Вскоре автомобиль уже был припаркован, а мы с Максимом стояли возле кафе и рассматривали фасад. Такой же красивый, как и у остальных построек в Забивалове. Однако лишь снаружи. Внутри всё было ровно столько же уныло, сколько и в любом другом доме посёлка.
С порога поражало количество столов — их было всего два, и многочисленные старики Забивалова за ними не помещались, поэтому кто-то из бабушек сидел друг у друга на коленках, а старики морозили кости на полу. Как и полагается на подобных мероприятиях, люди были одеты во всё чёрное. Даже скатерти на столах были соответствующего цвета. Меню было скудным: кутья, кисель и водка. Мужчинам было абсолютно всё равно, чем закусывать, особенно учитывая то, что не всем из них это было необходимо делать.
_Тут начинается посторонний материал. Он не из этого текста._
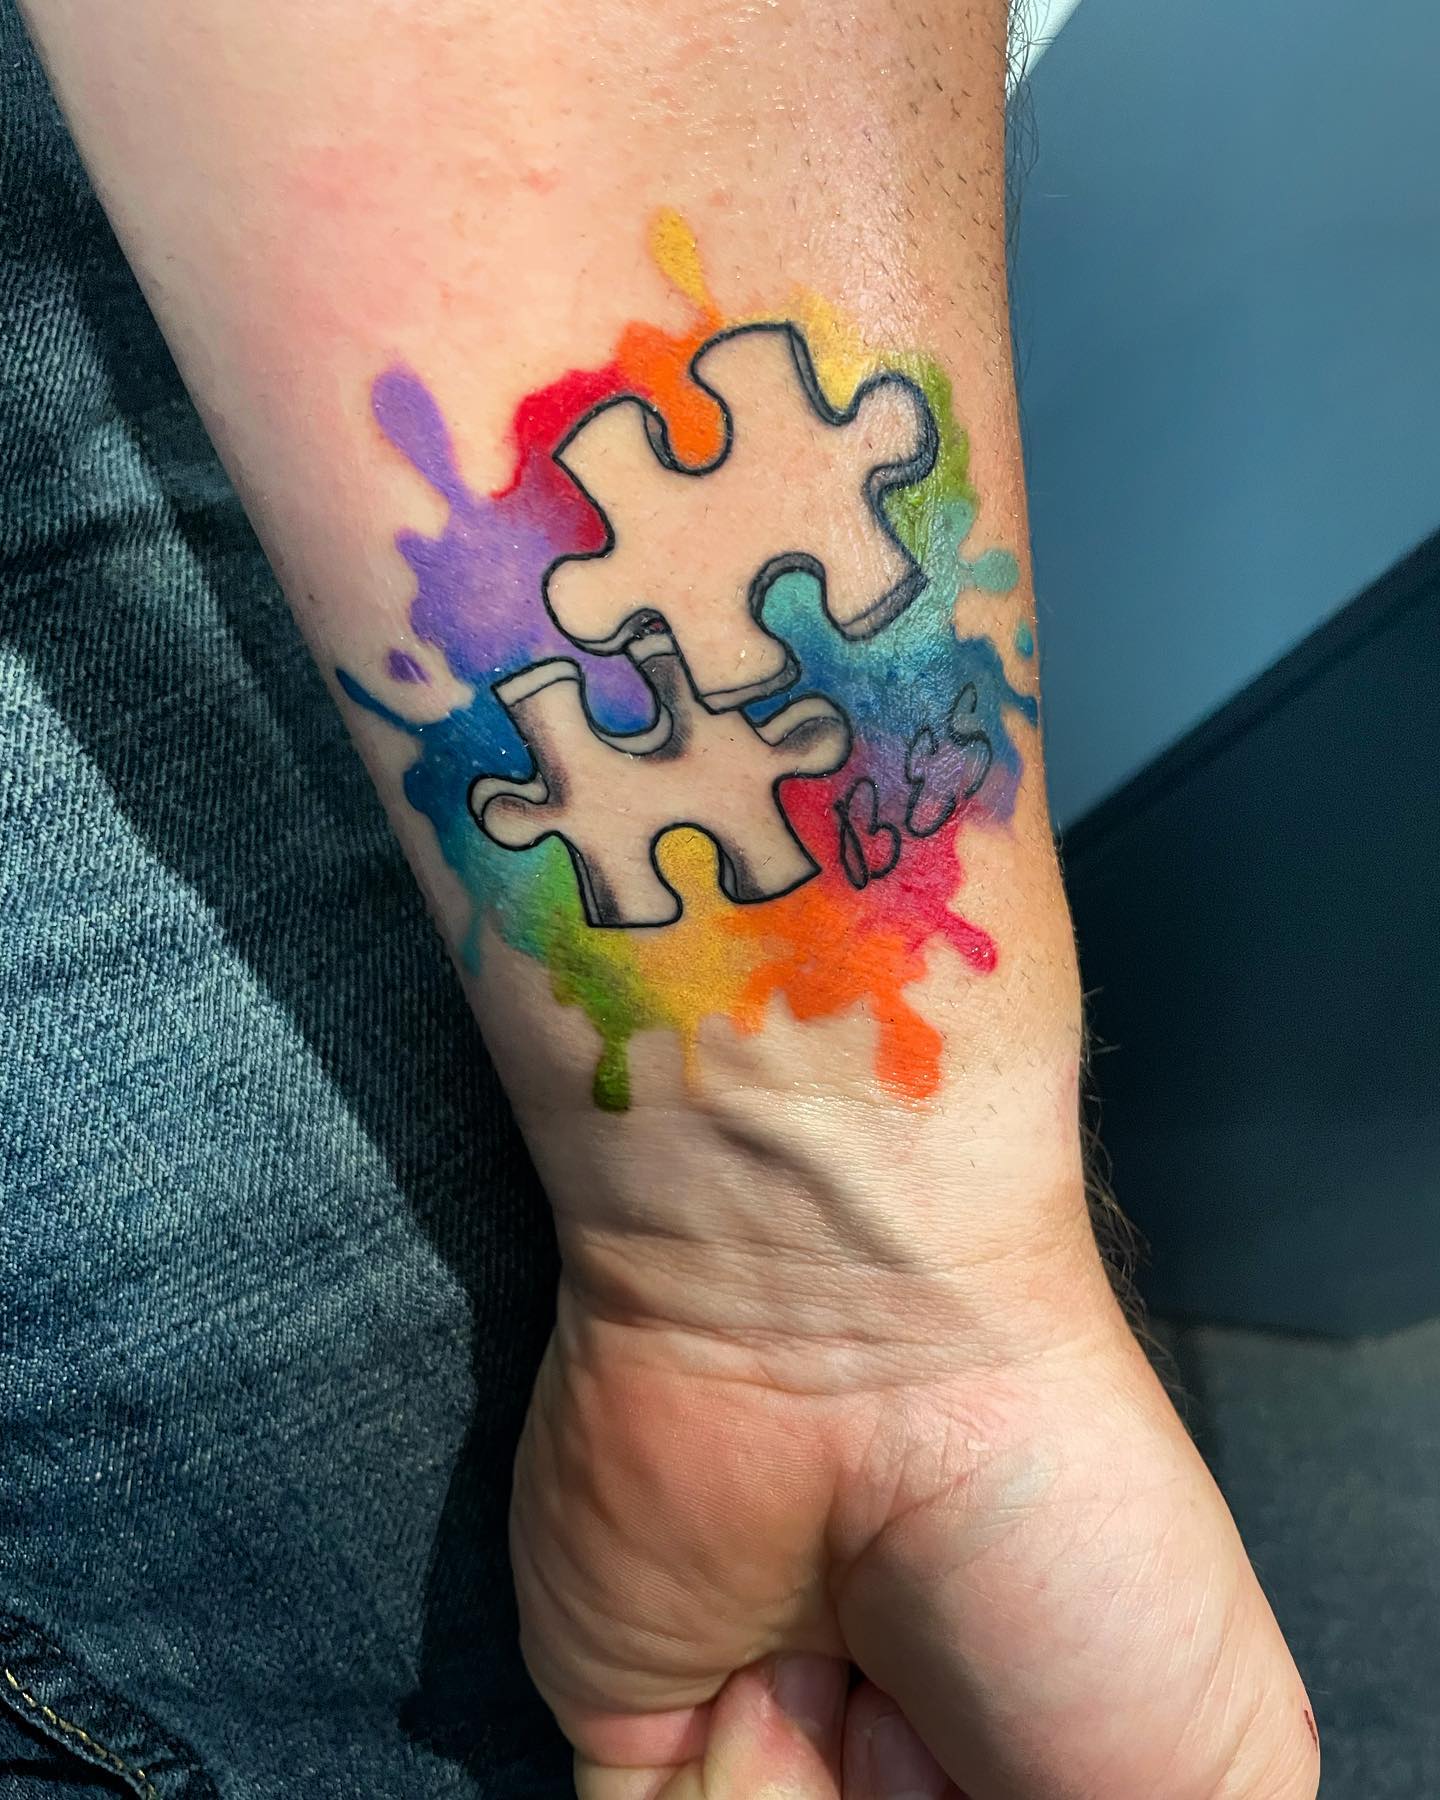 This puzzle piece tattoo with bright loud colors will make an impact at all times.

Кто-то не расставался с гранёным стаканом и собутыльником — а уж кого и кто хоронит, совершенно было не важно. Главное, что был повод для очередного марафона.
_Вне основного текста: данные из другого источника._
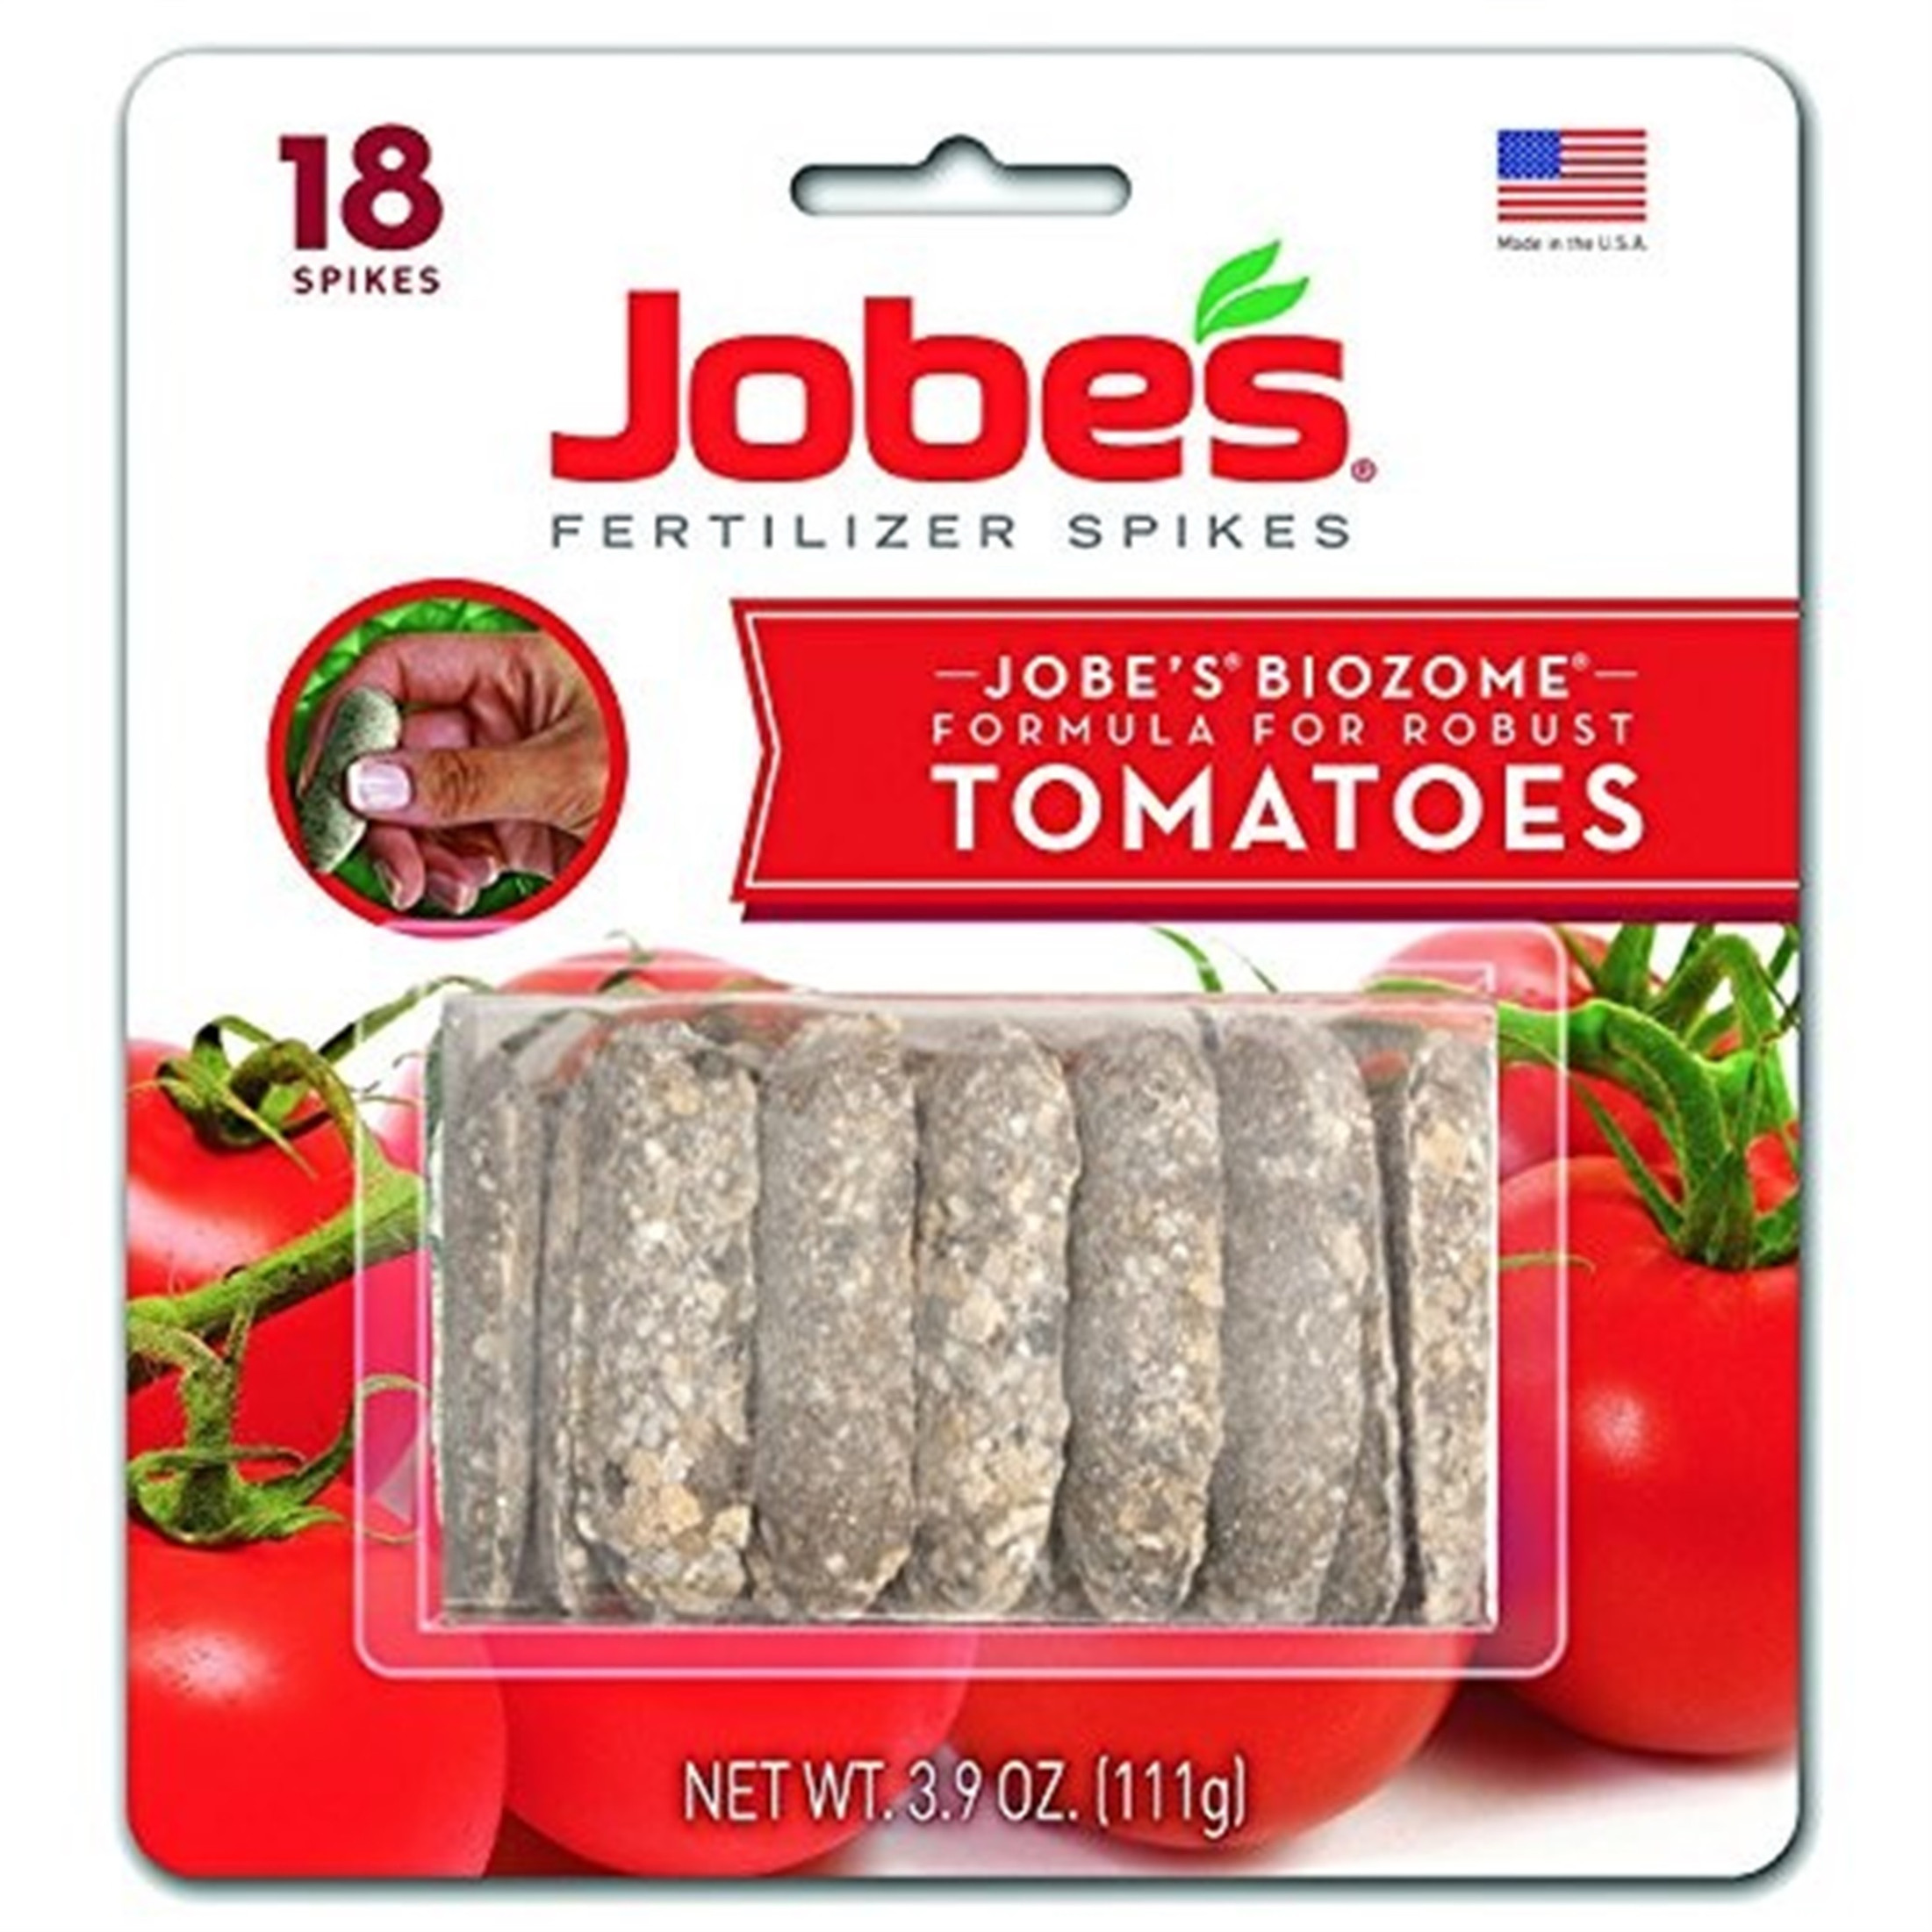 Jobes Tomato Fertilizer Spikes, 6-18-6 Time Release Fertilizer for All Tomato Plants, 18 Spikes per Blister Package, 3-Pack, 54 Spikes Total

Из самого дальнего угла слышался одинокий плач — очевидно, это были стенания вдовы. Посреди зала стояла чёрно-белая фотография молодого парня с приклеенной в уголке чёрной ленточкой. Вероятно, на печать новых фото денег у людей в посёлке не было, поэтому приходилось брать старые, сделанные ещё по молодости.
Возле портрета стояла старинная хрустальная ваза с собранными в ней гвоздиками. Они были выращены в садах, что было видно по увядшим листочкам и поникшим бутонам — вряд ли в цветочном магазине продавали товар такого ненадлежащего качества.
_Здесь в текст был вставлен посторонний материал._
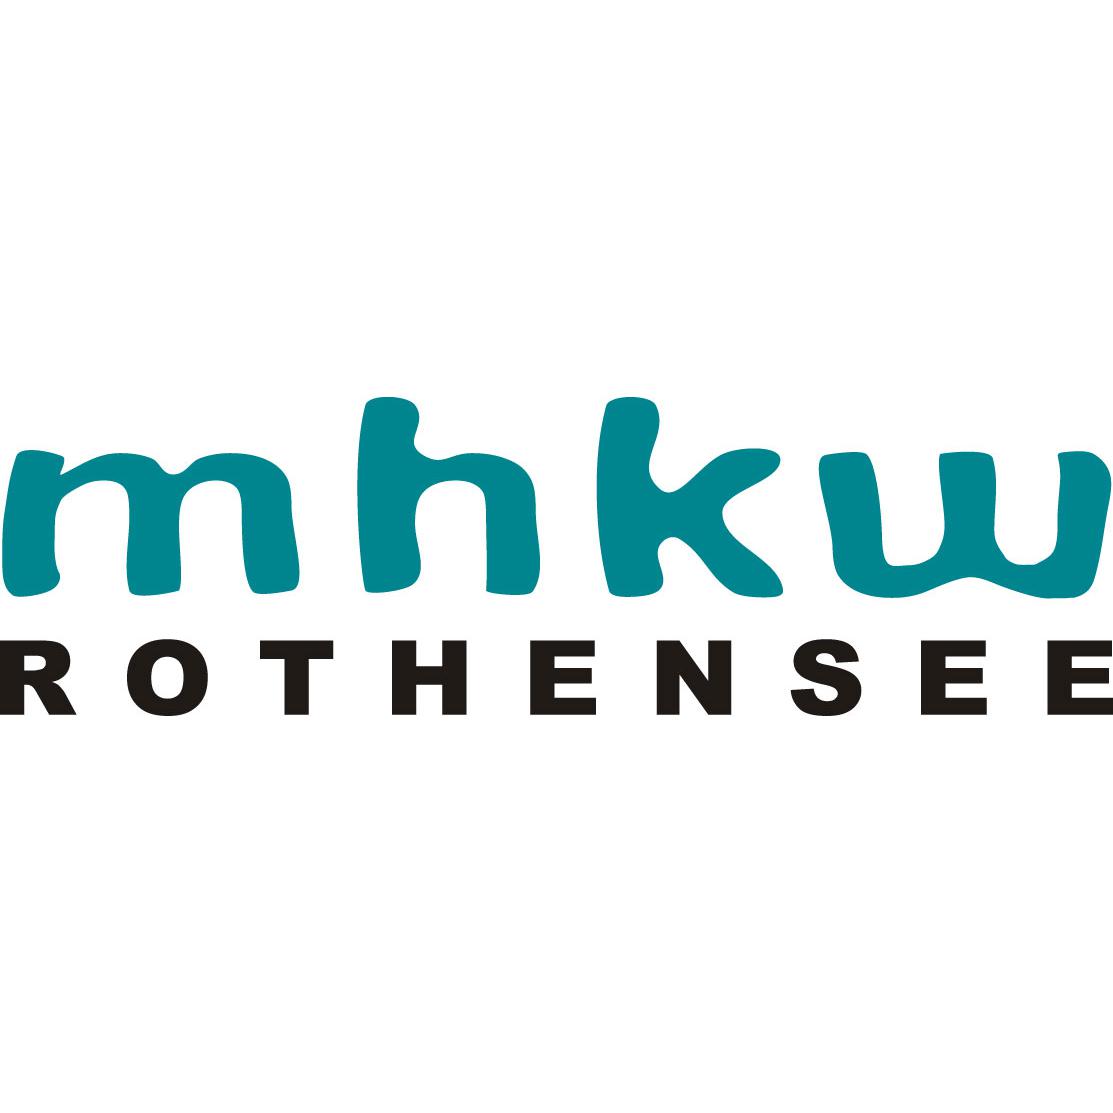 MHKW Rothensee GmbH in Magdeburg - Logo

Рядом со входом на ветхой табуретке стоял магнитофон, изготовленный в начале семидесятых годов, из которого доносились мелодии старых перезаписанных кассет. Забивалово явно застряло в конце двадцатого века, и лишь администрация и её праведные сотрудники довольствовались благами телевидения и интернета. Удивительно, не правда ли?
— Вы тоже знали покойного? — В следующее мгновение ко мне подошла шустрая старушка и, ухватив под локоть, повела в сторону столов. — Яшка-то гулящий был. Нинка его от радости плачет. Он ей скажет, что на работу пошёл, а сам на соседнюю улицу бежит. Вон она, Нюрка… сидит, змеюка, будто не догадывается, что про неё всё село жужжит.
У меня резко закружилась голова от громкой музыки, плача той самой Нинки и звона гранёных стаканов. Секунду спустя скрутило ещё и желудок от запахов подгорелого риса, самодельной водки и сырости. Неизвестная мне жительница Забивалова продолжала тянуть меня к полу, будто повисая на моём локте.
— Нинка, смотри, какая фифа. Тоже, стало быть, с твоим таскалась, ты подумай! — затараторила старушка, подталкивая меня к лавке.
От неожиданности я рухнула на неё и обернулась на заплаканную женщину. Та, на мгновение подняв на меня голову и осмотрев с ног до головы, снова впала в отчаяние, начиная реветь с новой силой.
— Да что вы несёте? Я вообще не знала вашего Яшку. Я — детектив из Тарасова. — Мой недовольный взгляд заставил старушку приложить ладони ко рту, а всех сидящих за столом опустить ложки и обратить на меня внимание.
— Чай, участковый новый? — Змеюка Нюрка оторвалась от своего стакана и попыталась вставить и свои пять копеек в разговор, однако тут же столкнулась с разгневанным выражением лица вдовы покойного, замолкая. — Алька, кого к нам привела?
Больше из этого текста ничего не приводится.